We walked up stairs, because we didn’t have an escalator in every store and office building.
We walked to the grocery store and didn’t climb into a 300-horsepower machine every time we had to go two blocks.
We washed the baby’s diapers because we didn’t have the throw-away kind. We dried clothes on a line, not in an energy-gobbling machine. Wind and solar power really did dry our clothes back in the “olden” days.
Back then, kids got hand-me-down clothes from their brothers or sisters, not always brand-new clothing.
We had one radio in the house, and later one TV — not a TV the size of Montana in every room.

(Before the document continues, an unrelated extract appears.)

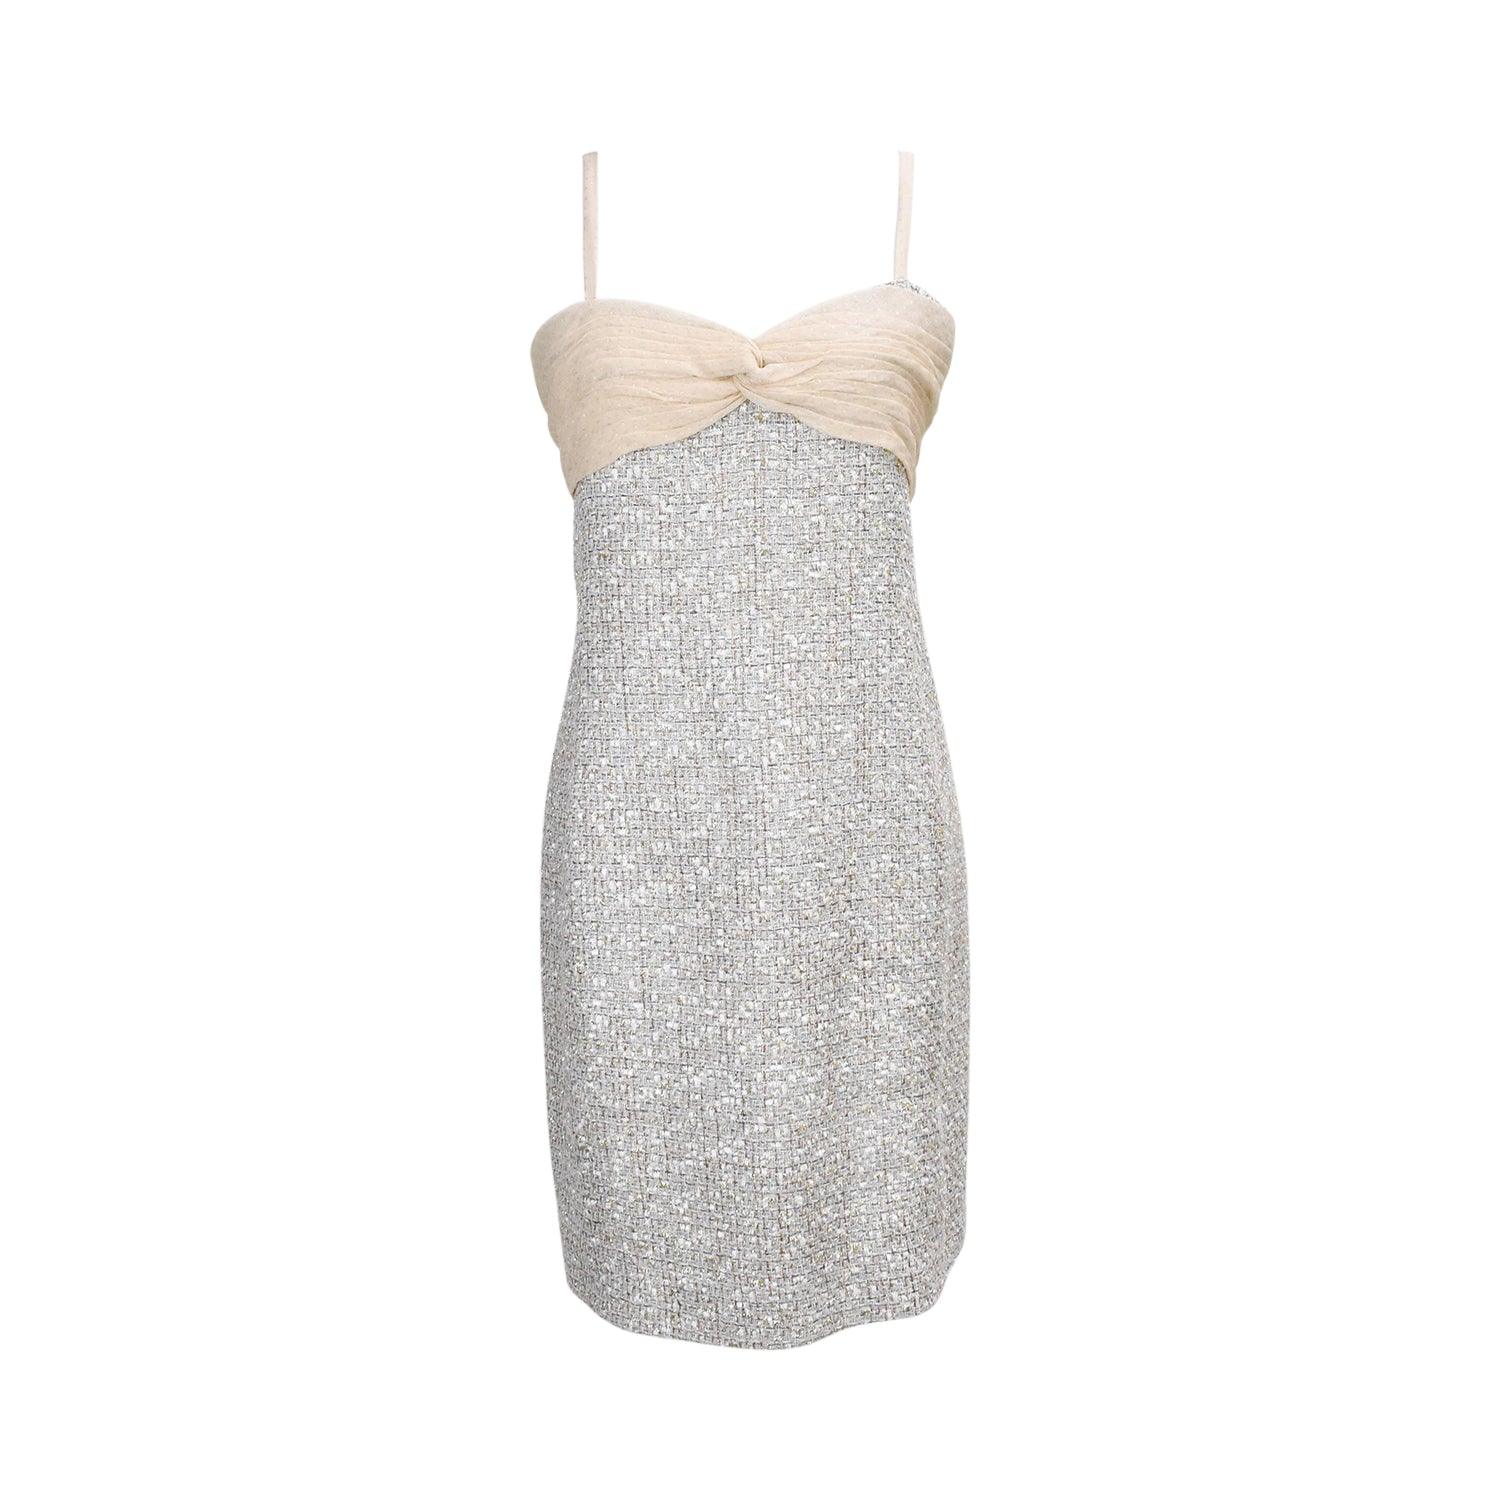 Chanel Dress - Women's 44 - Fashionably Yours

A very ordinary, and typical, American kitchen in 1939. No mixers or microwave ovens or blenders here. (Library of Congress)

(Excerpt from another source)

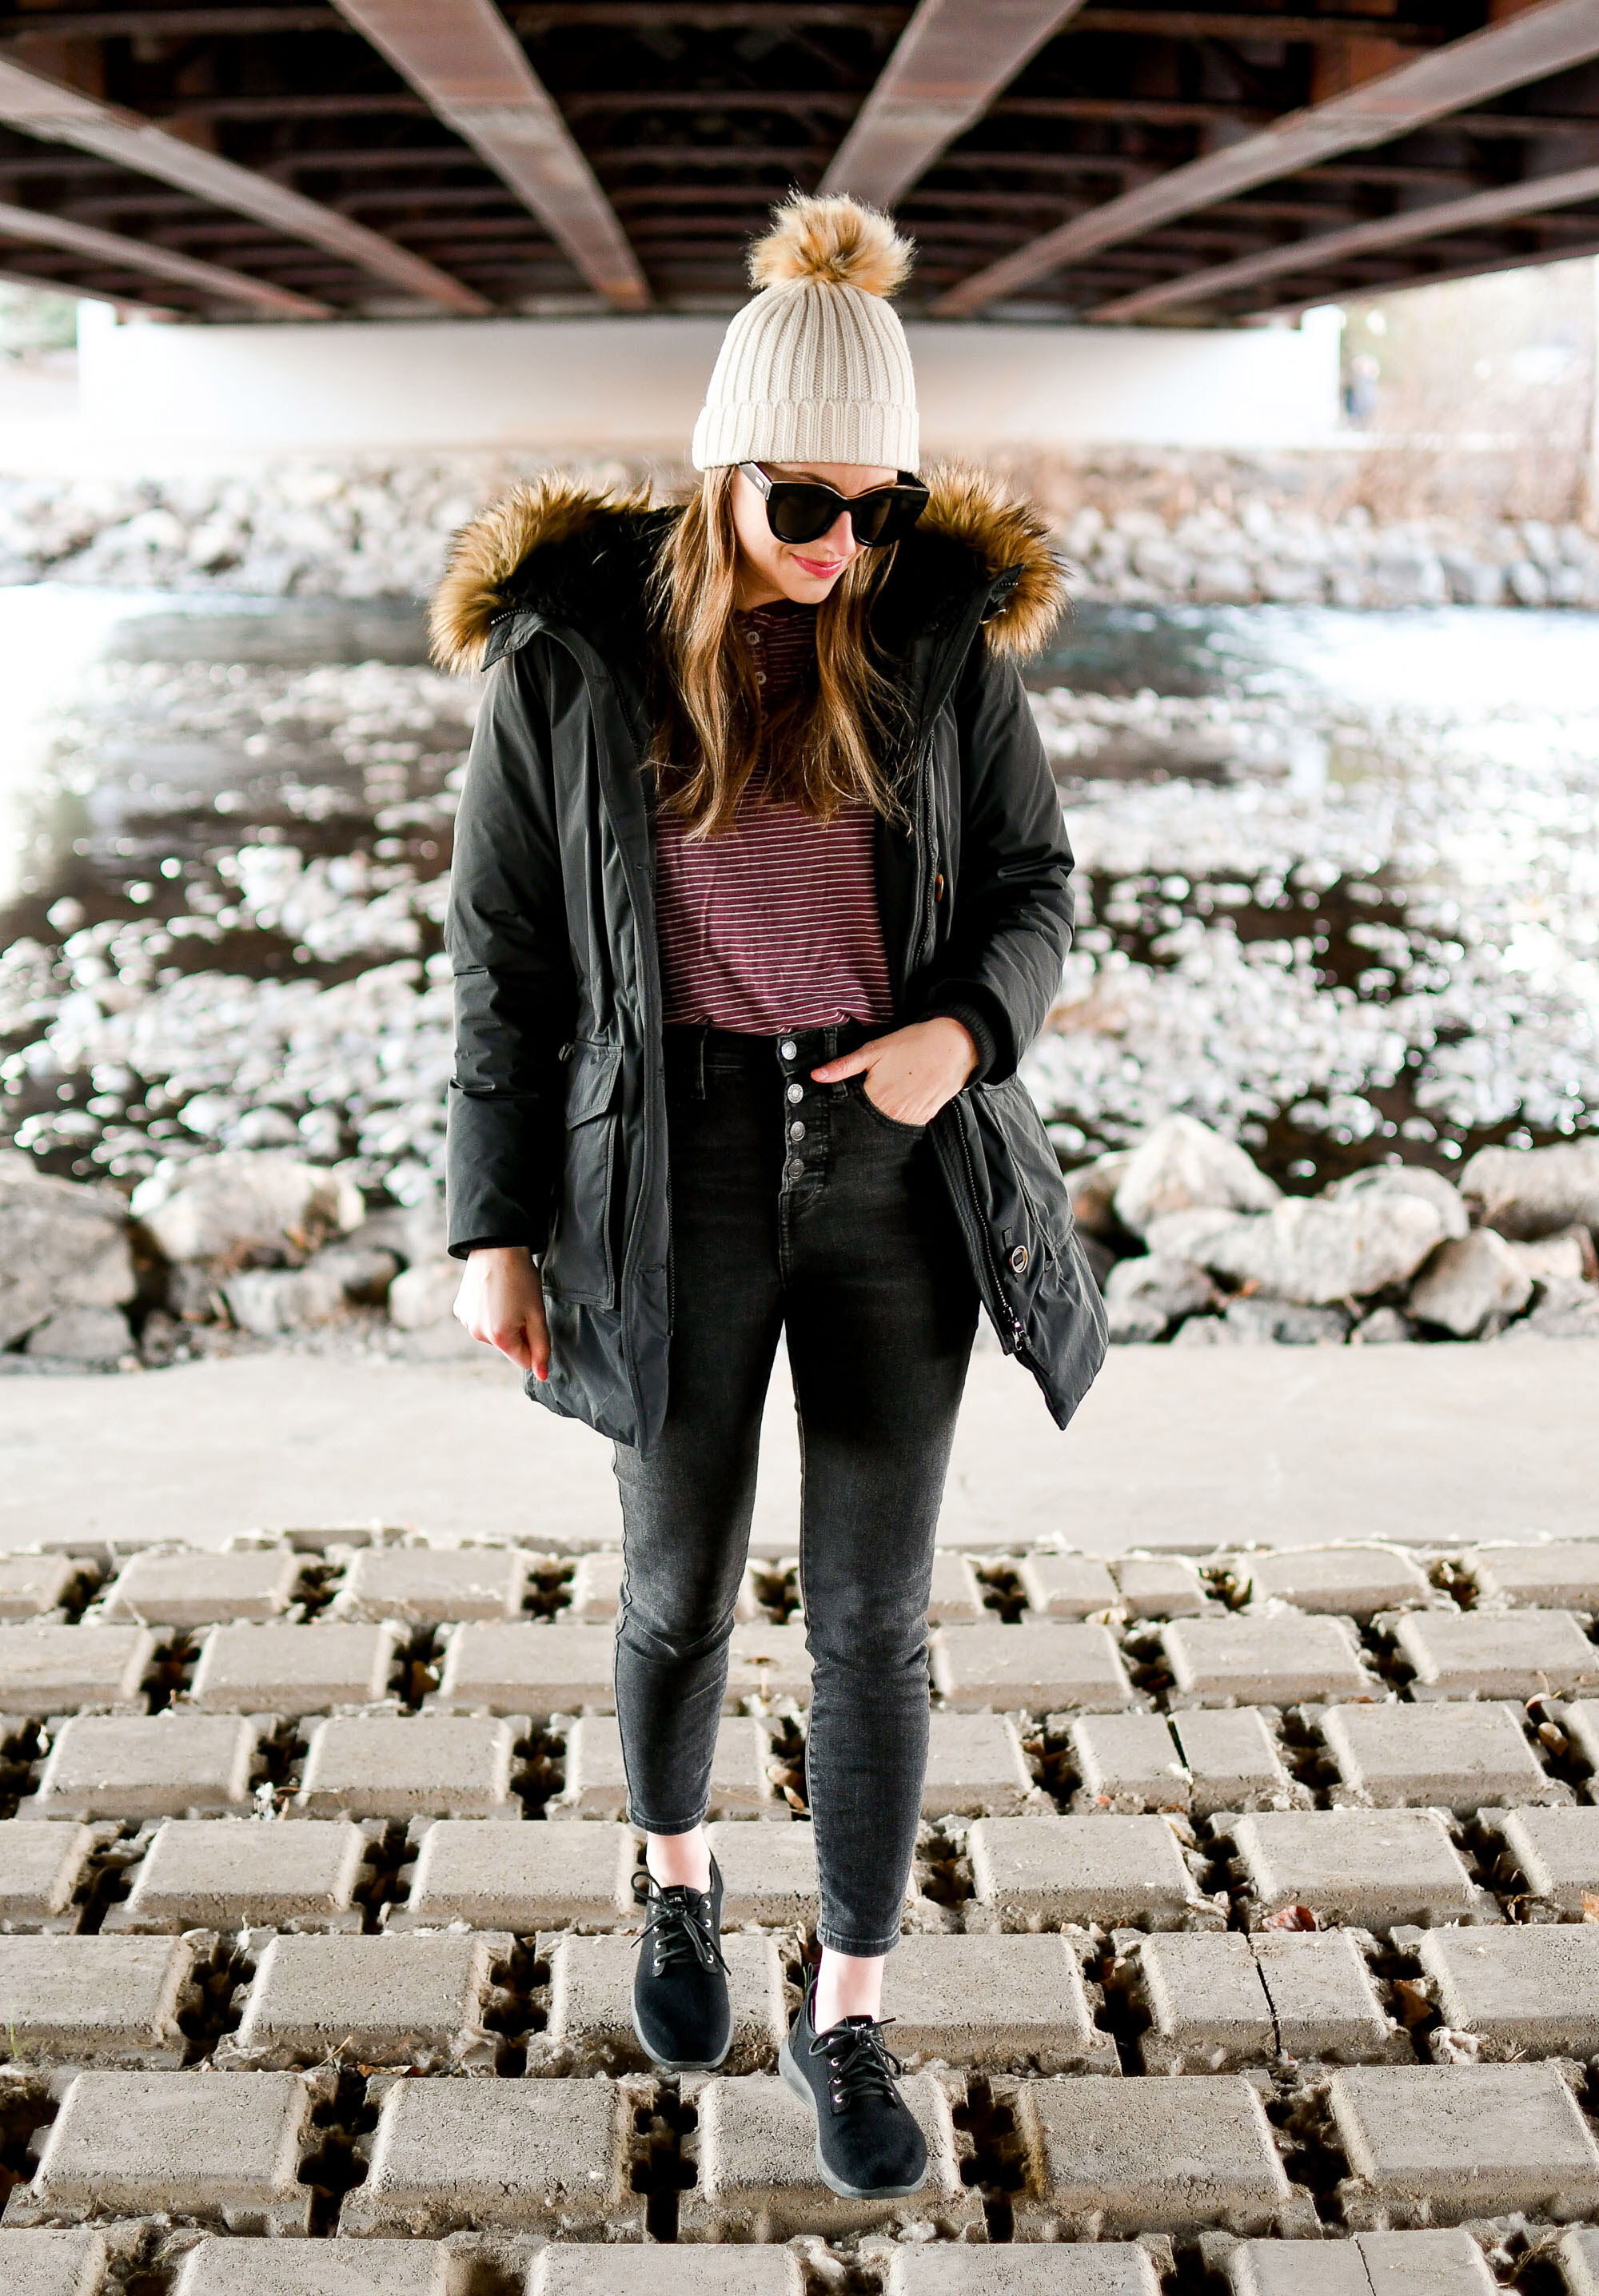 Favorite outfit: Winter by the river — Cotton Cashmere Cat Hair

In the kitchen, we blended and stirred and sifted by hand because we didn’t have electric machines to do everything for us.
When we packaged a fragile item to send in the mail, we used wadded-up old newspapers to cushion it, not Styrofoam peanuts or plastic bubble wrap.
Back then, we didn’t fire up an engine and burn gasoline just to cut the lawn. We used a push mower that ran on human power.
We exercised by working. And we got up 15 times an evening to change the TV channel, rather than click a couple of buttons on a remote. So we didn’t need any health clubs or treadmills that suck on electricity.
We wore cotton and wool clothing, not chemically “stretched” slacks and thermo-gear.
We drank from the tap or a fountain when we were thirsty instead of using a plastic bottle or a big, rented jug of designer water.
We refilled writing pens with ink instead of buying new pens, and we replaced the razor blades in a razor instead of throwing away the whole razor just because the blade got dull.
But we didn’t have “the green thing.”
Back then, people took the bus or streetcar, and kids rode their bikes to school or walked instead of turning their moms into a 24-hour taxi service. And we played, and played, and played — outside, from morning to night. The only time we sat or stood around playing video games was at the fair or on short vacations at the beach.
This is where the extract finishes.